Фани совершила короткую автомобильную поездку на юг и увидела немало интересного. У этой страны был свой красочный облик и свои формы, которые проплывали перед ее глазами, как в цветном фильме, за праздничной пышностью и театральной фантастикой которого, однако, угадывалась жестокая трагедия народа, борющегося с самим собой, чтобы выйти на какой-то свой, новый путь. Разумеется, это были беглые впечатления, и все это трогало Фани лишь постольку, поскольку казалось занятным и вызывало острое возбуждение, подобное трепету, который охватывает иностранца, когда бычьи рога вспарывают живот несчастного, разодетого в золото и шелк тореро. Здесь не было и в помине филистерского спокойствия других стран. Одна крайность переходила в другую без мягких полутонов компромисса, и столкновения этих крайностей рождали новые конфликты. Старинные соборы чередовались с клубами анархистов, рабочие митинги с поклонением святым мощам. После почерневшего от фабричного дыма Бильбао она увидела Толедо, потонувший в сонной романтике. В Мадриде она познакомилась с аристократами, которые все еще верили в архангелов и в чудотворные статуи богородиц, а в отеле слуги читали Энгельса и Дарвина. В Барселоне работа кипела в американском темпе, в Севилье бренчали гитары и жизнь катилась в сладкой неге, как ленивые воды Гвадалквивира. По радио гремело пламенное красноречие Пассионарии, в Авиле женщины два раза в день ходили на литургию. Аристократы устраивали заговоры против республики, пролетарии грозились их перерезать, по все медлили. У Фани был иммунитет против романтики (по крайней мере она любила этим хвастаться), и контрасты сегодняшней Испании казались ей гораздо интереснее, чем изъеденное пылью веков величие Толедо и Эскуриала. Она сразу поняла настоящую причину того, что увидела: и здесь, как в Англии, одни имели все, а другие ничего; с той разницей, что здесь те кто не имел ничего, протестовали и бунтовали. Здесь слуга не хотел всю жизнь оставаться слугой, не хотел, чтобы дети его тоже стали слугами, ибо это оскорбляет человеческое достоинство. Правда, Фани вдолбили еще в детстве, что подобные претензии угрожают существованию цивилизации. Но сейчас она ничуть не была склонна тревожиться о судьбах цивилизации. Ей казалось просто забавным немного пожить в этой стране, где люди озлоблены, где в любой день может разразиться революция и где быстрей пройдет время, пока уляжется негодование семьи Ллойдов.
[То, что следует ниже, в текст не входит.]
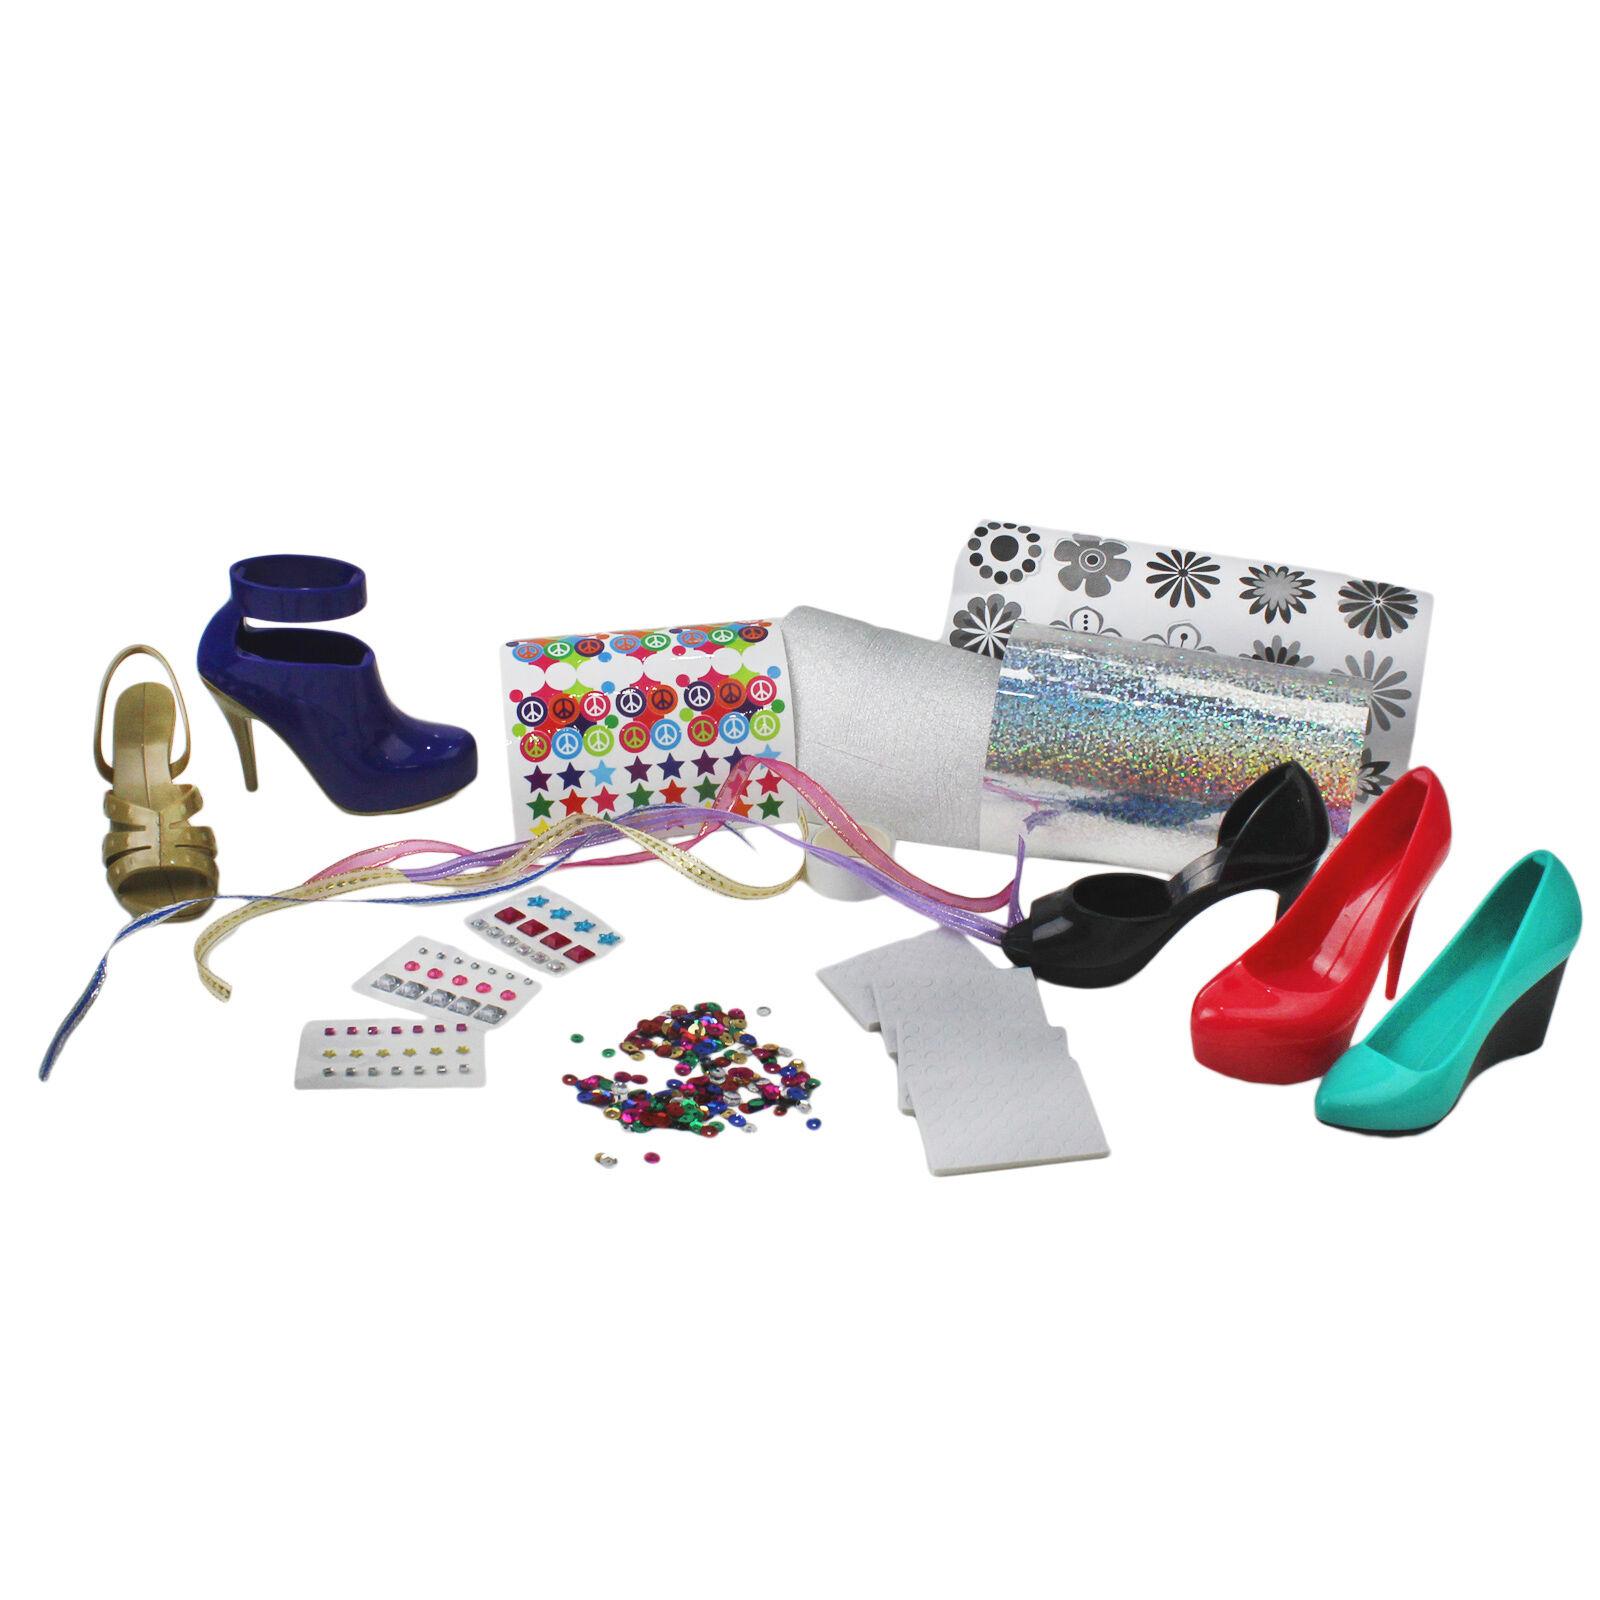 Girls Shoe Design Play Set Crayola Hot Heels Kids Fashion Sticker Art Kit 5 Pack For Sale Online

В Мадриде Фани встретилась с другом детства – мистером Блеймером, или просто Лесли, как она его называла. Она сказала ему, что хотела бы на некоторое время остаться в Испании.

– Что ты будешь здесь делать? – спросил он.

– Развлекаться, – ответила Фани со всей серьезностью, какой требовал поставленный перед ней вопрос. – Кроме того, я изучу страну, соборы, бои быков…

– Что ж, только не слишком увлекайся! – предупредил ее Лесли.

Фани вернулась в Сан-Себастьян и сняла на три месяца виллу у маэстро Фигероа, забытого художника. Маэстро Фигероа в молодости был довольно известным живописцем, хотя и не сумел прославиться за пределами Испании подобно Пикассо или Сулоага. Его картины, несмотря на оригинальный колорит, были испорчены театральностью композиции и вызывали у критиков улыбку. Вилла у него была несколько уединенная, зато красиво расположенная на склоне, спускавшемся к самому океану. Фани поселилась в ней вместе с шофером и пожилой служанкой, рекомендованной ей самим маэстро. Она ежедневно брала уроки испанского языка и читала книги, привезенные из Парижа, но скоро ей стало скучно. Тогда она пригласила Друзей, и, когда те приехали, ей опять стало скучно.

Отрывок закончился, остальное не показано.